Public V put (K key, V value) {     //if "key is null", the key value pair is added to table[0].         if (key = = null)             return Putfornullkey (value);     If "key is not NULL", the hash value of the key is computed and then added to the linked list for that hash value.         int hash = hash (Key.hashcode ());     Search for the index of the specified hash value in the corresponding table         int i = indexfor (hash, table.length);     Loops through the entry array, replacing the old value with the new value if the key value pair already exists for that key. Then quit! For         (entry<k,v> e = table[i]; E! = null; e = e.next) {              Object K;              if (E.hash = = Hash && (k = e.key) = = Key | | key.equals (k)) {//If key is the same then overwrite and return old value                  V oldValue = e.value;                 E.value = value;                 E.recordaccess (this);                 return oldValue;              }         }     Number of modifications +1         modcount++;     Add Key-value to Table[i] at     addentry (hash, key, value, I);     return null;}

The above program uses an important internal interface: Map.entry, each map.entry is actually a key-value pair.
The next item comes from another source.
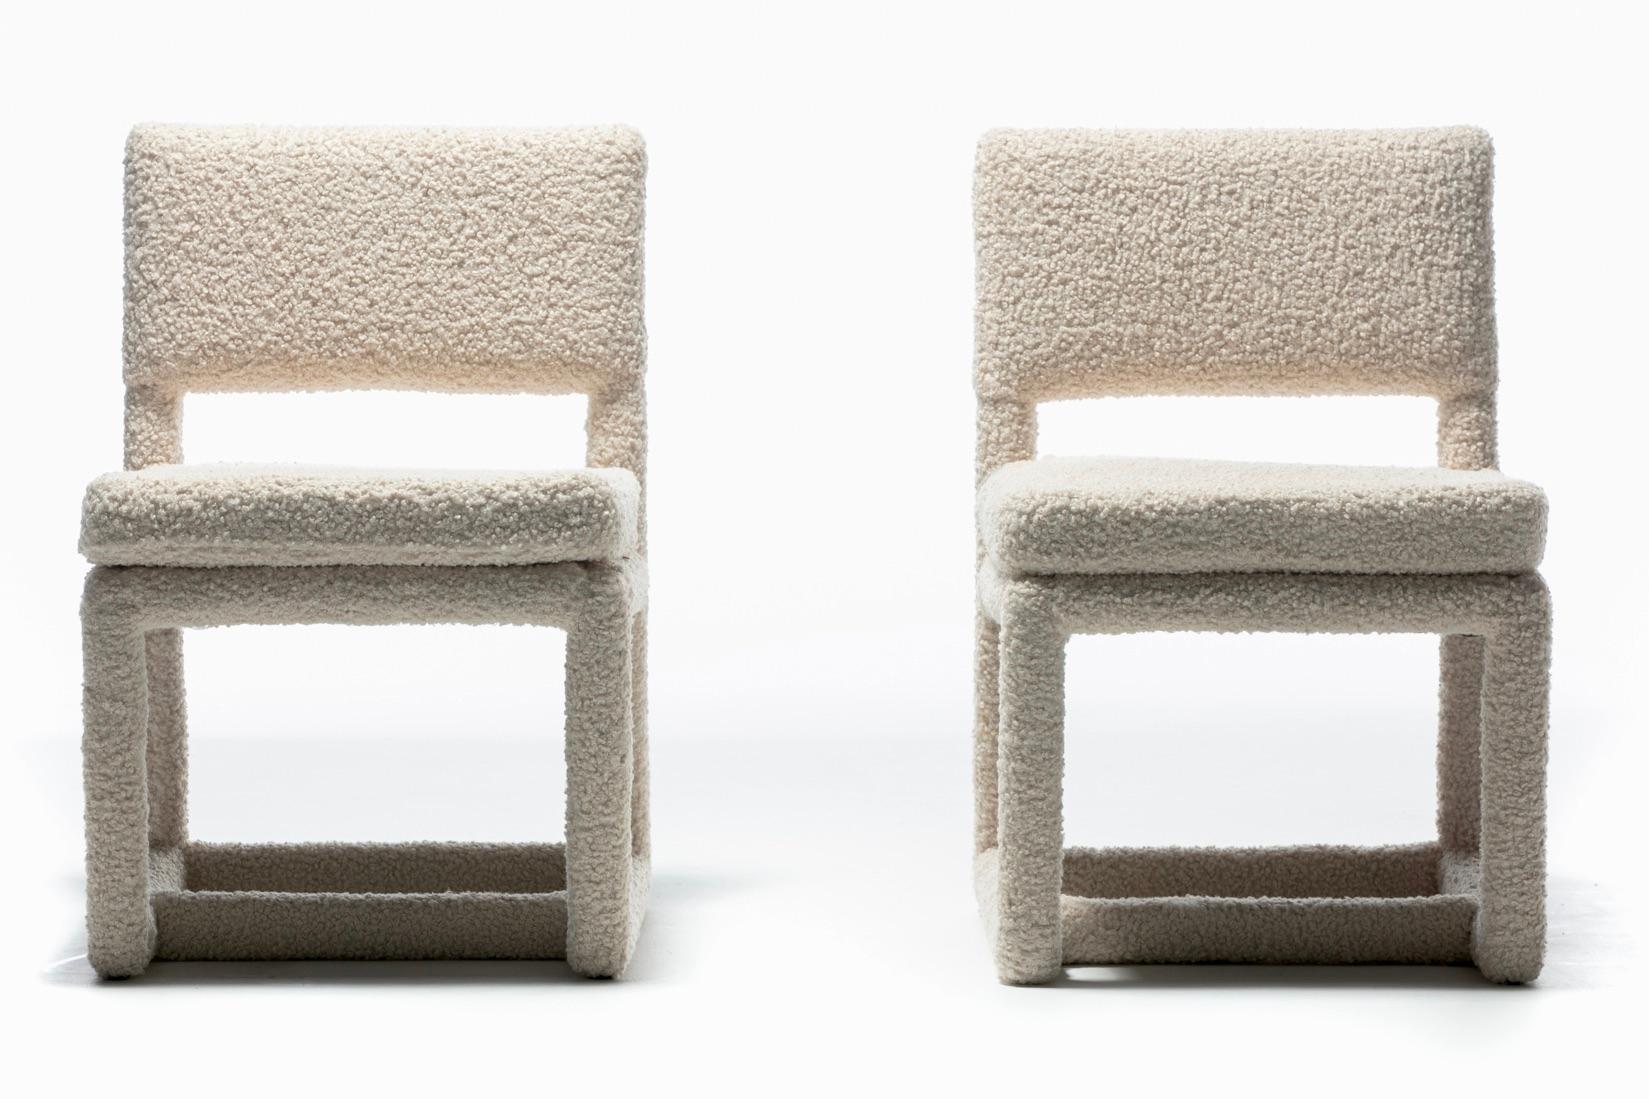 Sexy Satz von acht Parsons-Esszimmerstühlen, entworfen von Milo Baughman für Thayer Coggin, neu professionell gepolstert in weichem elfenbeinfarbenem weißem Bouclé, das als sehr haltbar eingestuft wird (über 50.000 Doppelabreibungen). Die

As can be seen from the above program: when the system decides to store the Key-value pair in the HASHMAP, it does not take into account the value in Entry, but only calculates and determines the storage location of each Entry based on key. This also illustrates the previous conclusion: we can completely consider the value of the MAP set as a subsidiary of the key, and when the system determines where the key is stored, value is stored there.

We slowly analyze this function, and the 2nd and 3 lines are dealing with the case where the key value is null, let's take a look at the Putfornullkey (value) method:

1 private V Putfornullkey (v value) {2 for         (entry<k,v> e = table[0]; E! = null; e = e.next) {3             if (E.key = = NULL) {   //If an object with key null exists, overwrite 4                 V oldValue = e.value; 5                 e.value = value; 6                 e.recordaccess (this); 7
   
    return OldValue; 8            } 9        }10         modcount++;11         addentry (0, NULL, value, 0);//If the key is null, the hash value is 012         return null;13     }
   

Note: If key is null, the hash value is 0 and the object is stored in the array where the index is 0. IE Table[0]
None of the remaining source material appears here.